Surtout la nuit, les travailleurs exerçant un métier les mettant en contact direct avec le grand public - sécurité, santé, commerce, transport - doivent composer avec un certain niveau de risque. Entre 2000 et 2010, quelque 130 personnes ont été tuées au Canada dans l'exercice d'une telle fonction, dont 27 chauffeurs de véhicules publics.

Le métier de chauffeur de taxi - en outre pénible, accaparant et mal rétribué - est sans doute le plus risqué. Il consiste notamment en ceci: faire monter derrière soi, aux petites heures du matin, quelques parfaits inconnus possiblement éméchés, peut-être agressifs, en route vers quelque coin perdu de la ville...

Pour la plupart des gens, c'est la définition d'un cauchemar.

En 2009, la police de Montréal a fait le point sur cette situation après avoir constaté que, chaque année, entre 40 et 76 chauffeurs de taxi étaient victimes de vols qualifiés. Sondés à ce sujet, plus de la moitié d'entre eux ont jugé le métier peu ou pas sécuritaire. Presque tous (97%) ont rapporté avoir fait face à des refus de payer, ce qui, dans 20% des cas, a conduit à une agression physique.

C'est une situation de ce type qui aurait conduit à une altercation entre un chauffeur de taxi, Guercy Edmond, et un groupe de jeunes hommes. L'un d'eux a été grièvement blessé lorsque la voiture-taxi a roulé sur lui. Accusé notamment de voies de fait et de délit de fuite, Edmond a été remis en liberté provisoire, hier, alors que des dizaines de collègues entouraient le palais de justice pour exprimer leur solidarité.

***

Il est hors de question de juger ici le chauffeur de taxi. C'est le rôle de la justice. En outre, on en connaît fort peu sur l'affaire. Les vidéos horribles que tout le monde a vues n'en révèlent qu'un moment et un aspect, l'incident ayant apparemment débuté plus tôt, plus loin, à l'intérieur même de la voiture.

Quoi qu'il en soit, deux choses paraissent nécessaires.

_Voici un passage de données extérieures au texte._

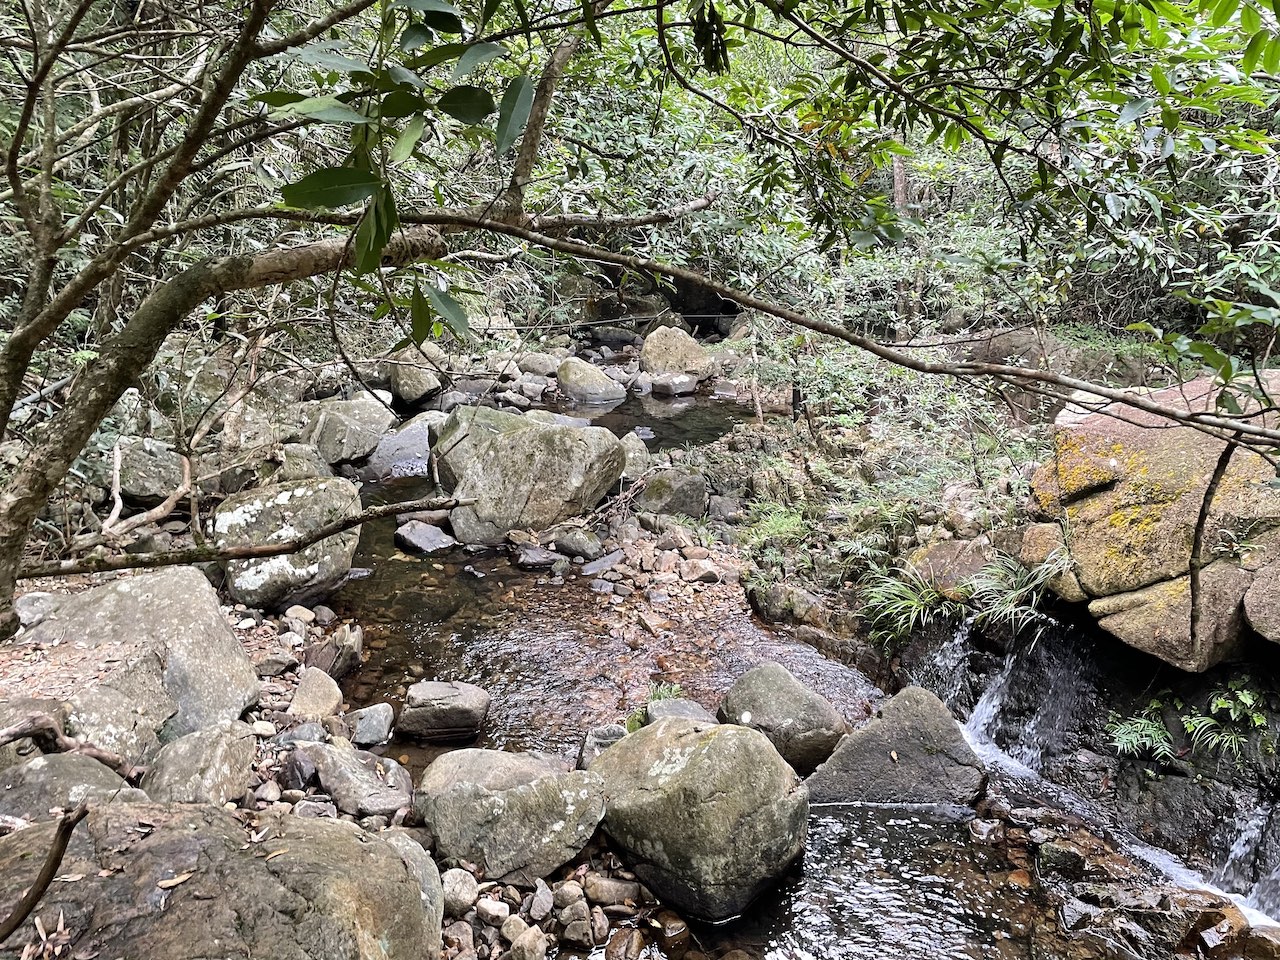 The Tai Po Kau river to be seen in all of the walks

Un, la police doit scruter le comportement des autres individus impliqués et déterminer s'il y a matière à accusations criminelles.

Deux, tous ceux qui ont un rôle à jouer dans l'industrie du taxi doivent travailler à renforcer la sécurité des 10 800 chauffeurs montréalais.

À la Société de transport de Montréal, on a investi 8,5 millions depuis 2005 (caméras, feux d'urgence, etc.) pour la sécurité des chauffeurs d'autobus, qui courent un peu les mêmes risques. C'est moins simple dans l'industrie du taxi, ne serait-ce qu'à cause du nombre de propriétaires. Et sans doute faudra-t-il imaginer des solutions nouvelles, spécifiques, adaptées.

Mais, chose sûre, c'est tout aussi nécessaire.